◆ What needs to be done: Return the lines of the data below starting at the one holding "Kundan Black Stone" and ending at the one holding "Metal net on white background", word for word, leaving every picture out.

◆ The data:
***

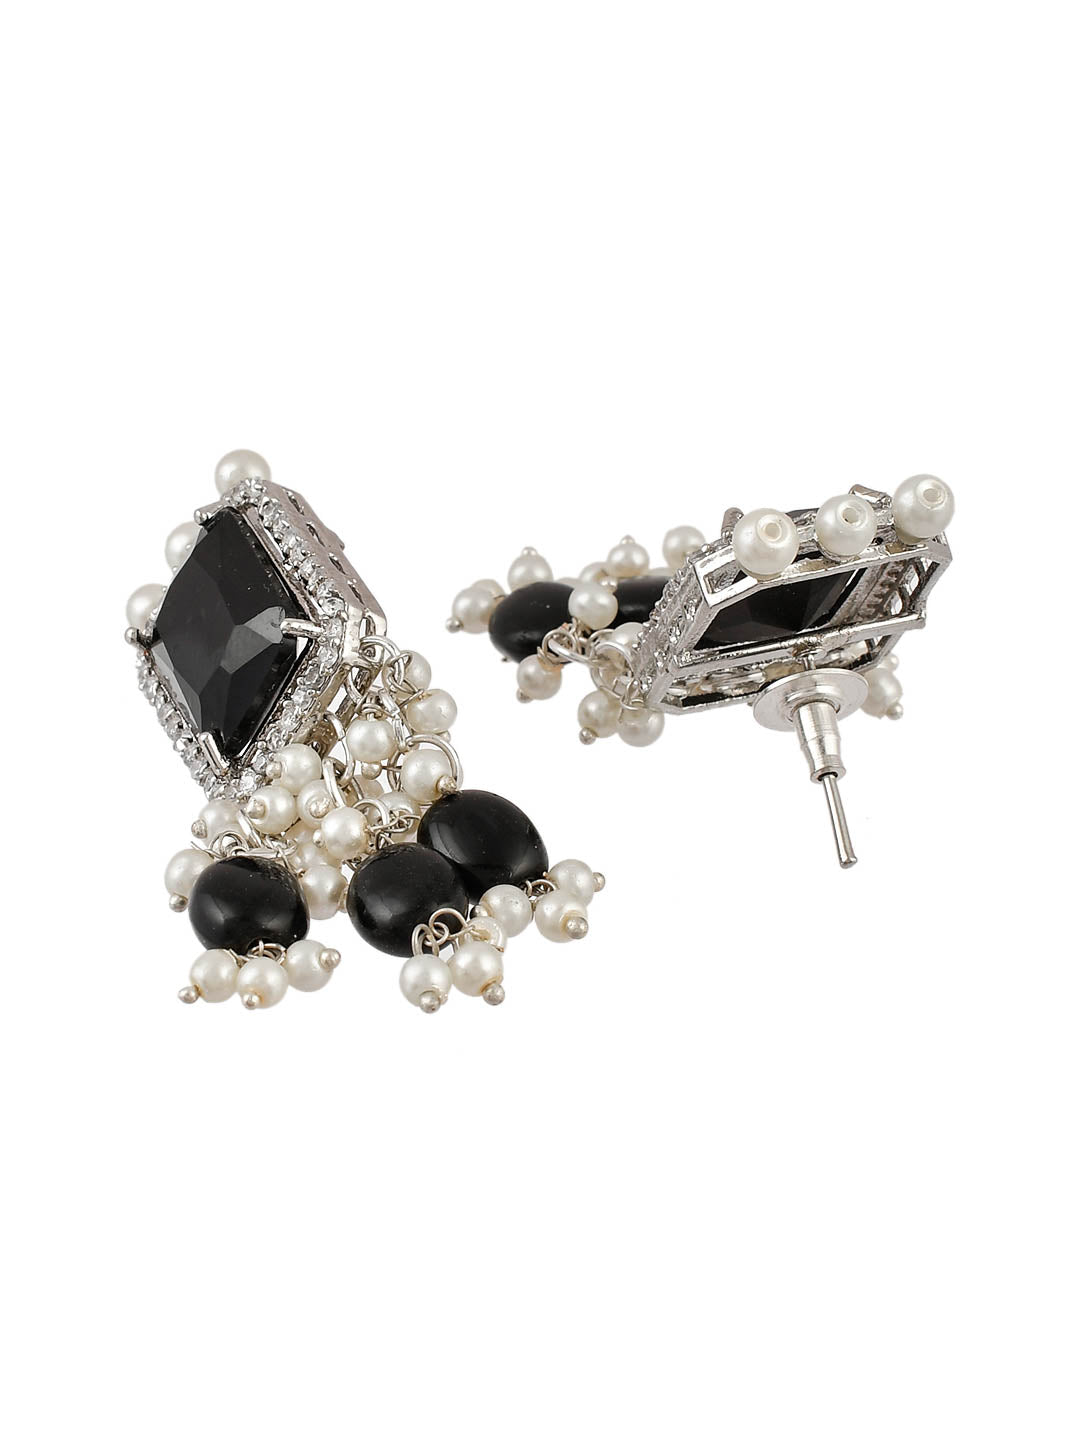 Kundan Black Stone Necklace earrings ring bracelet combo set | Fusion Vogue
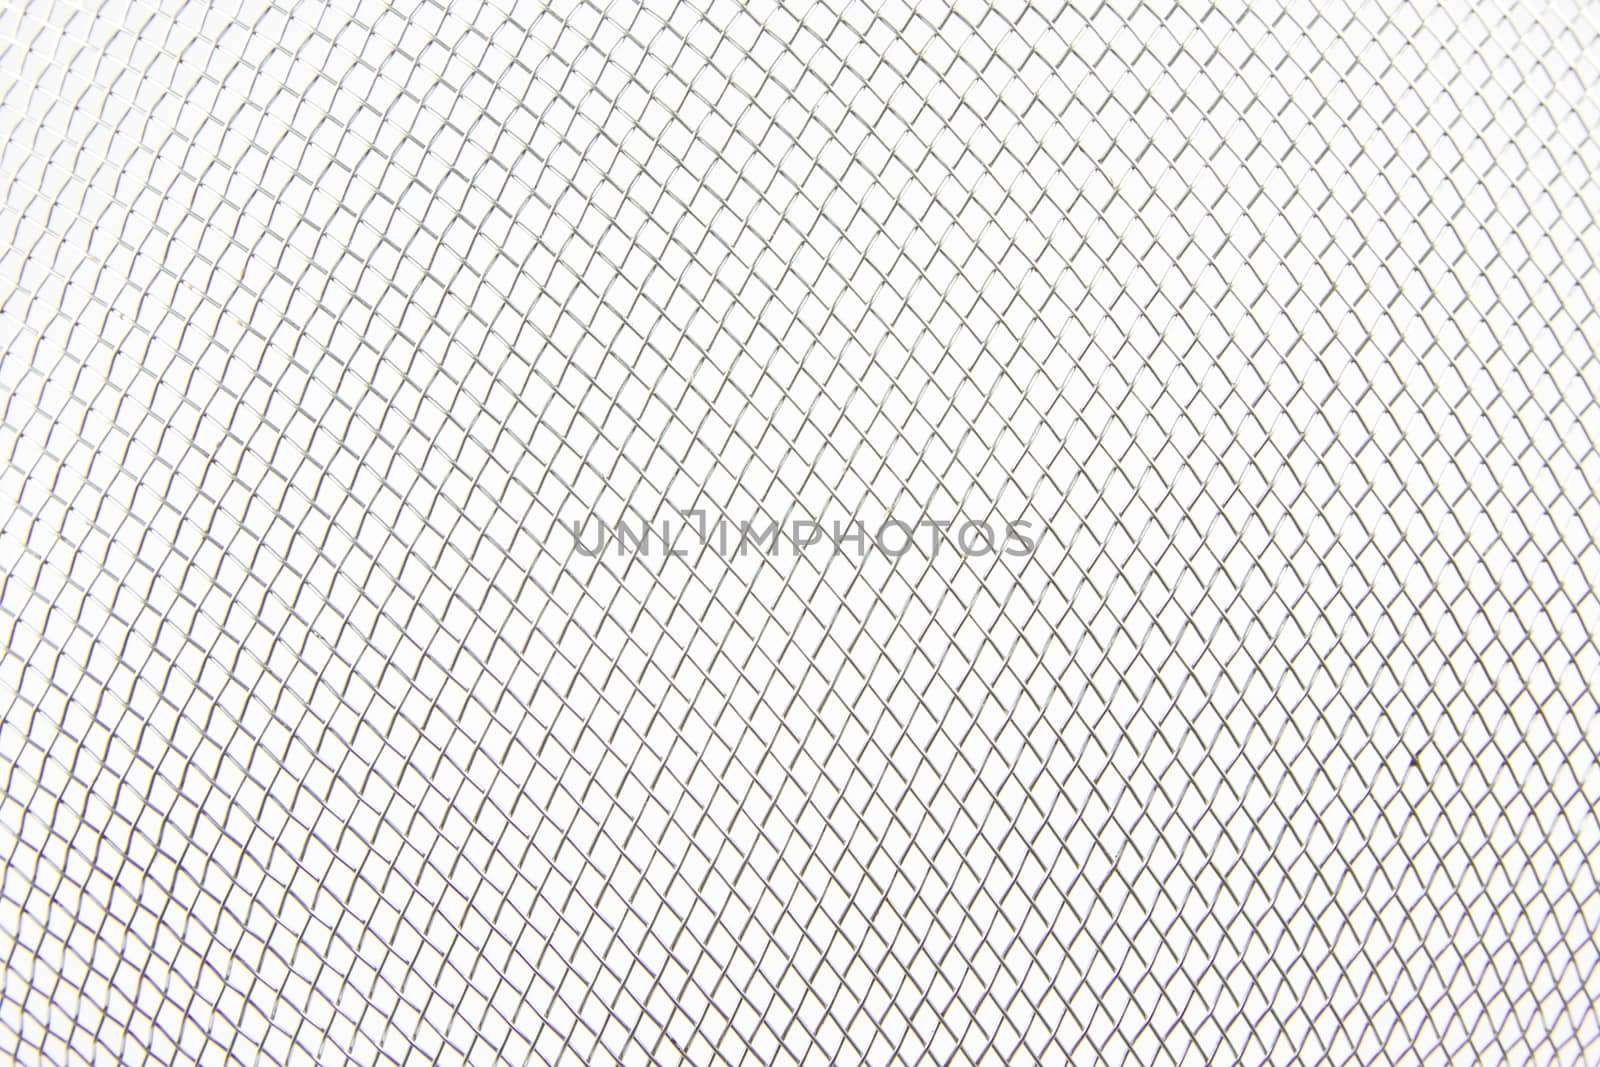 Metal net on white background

***

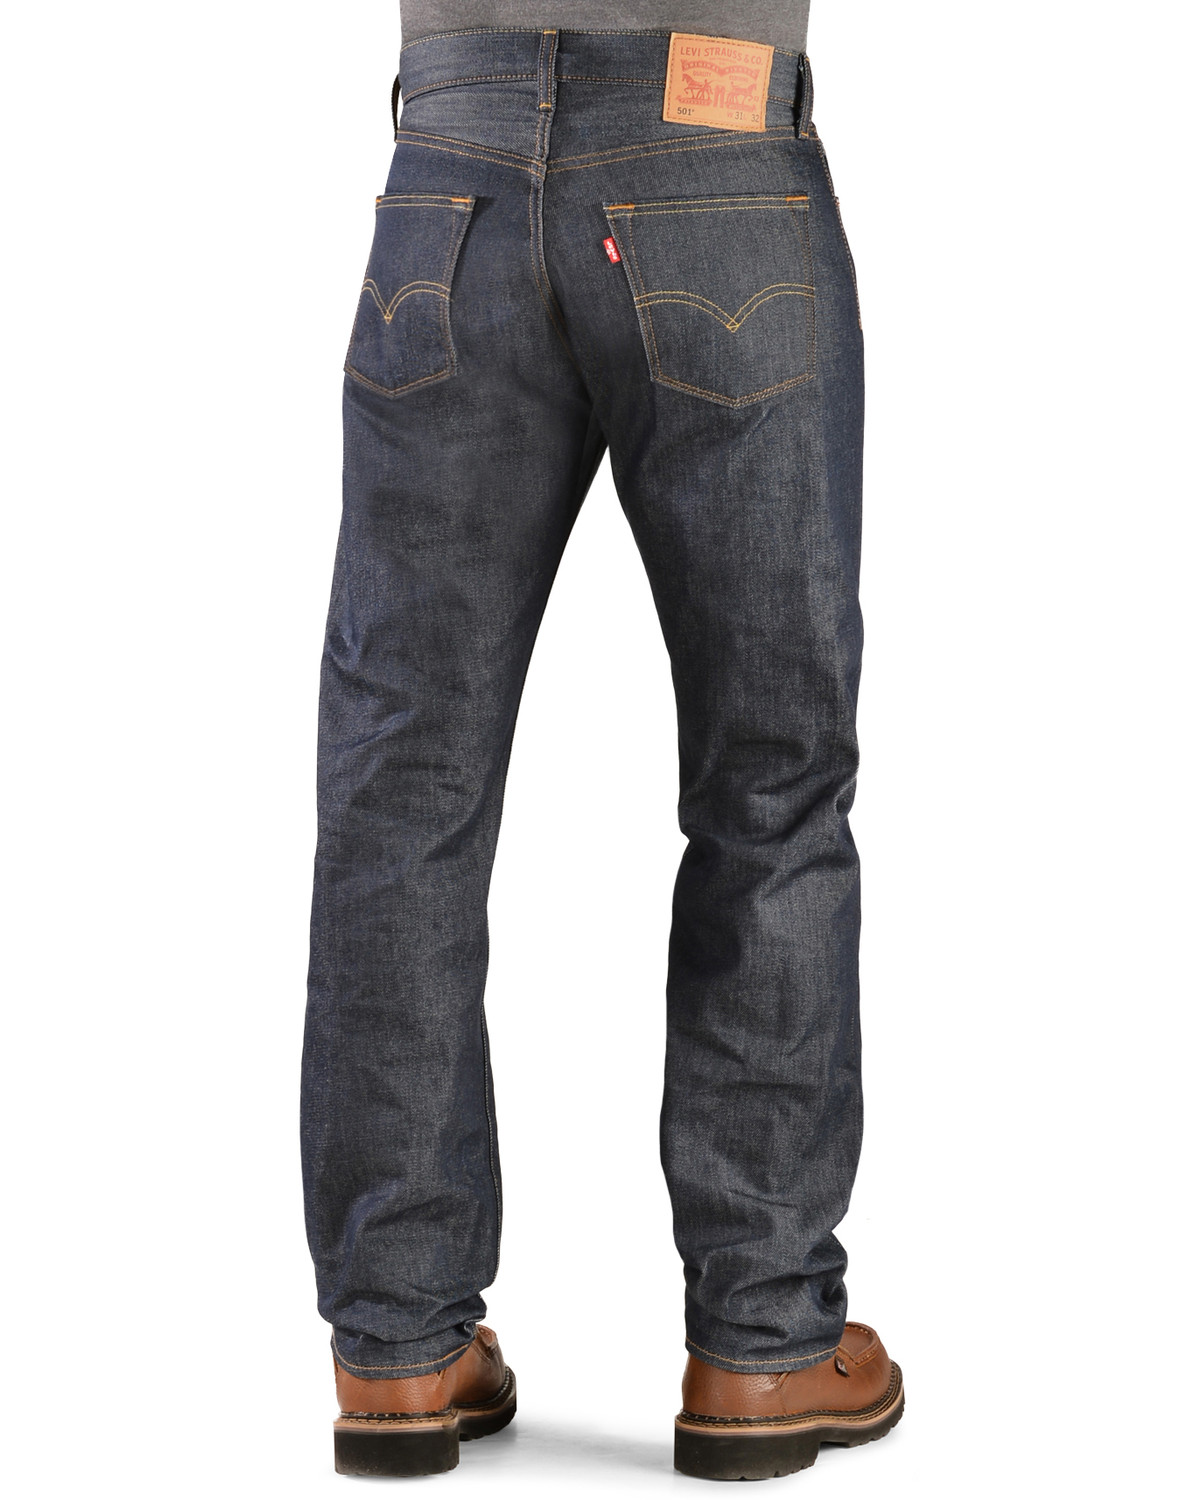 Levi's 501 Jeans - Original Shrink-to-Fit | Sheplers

***

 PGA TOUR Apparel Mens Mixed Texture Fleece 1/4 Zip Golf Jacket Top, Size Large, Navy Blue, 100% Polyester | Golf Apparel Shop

***

◆ Response:
 Kundan Black Stone Necklace earrings ring bracelet combo set | Fusion Vogue
 Metal net on white background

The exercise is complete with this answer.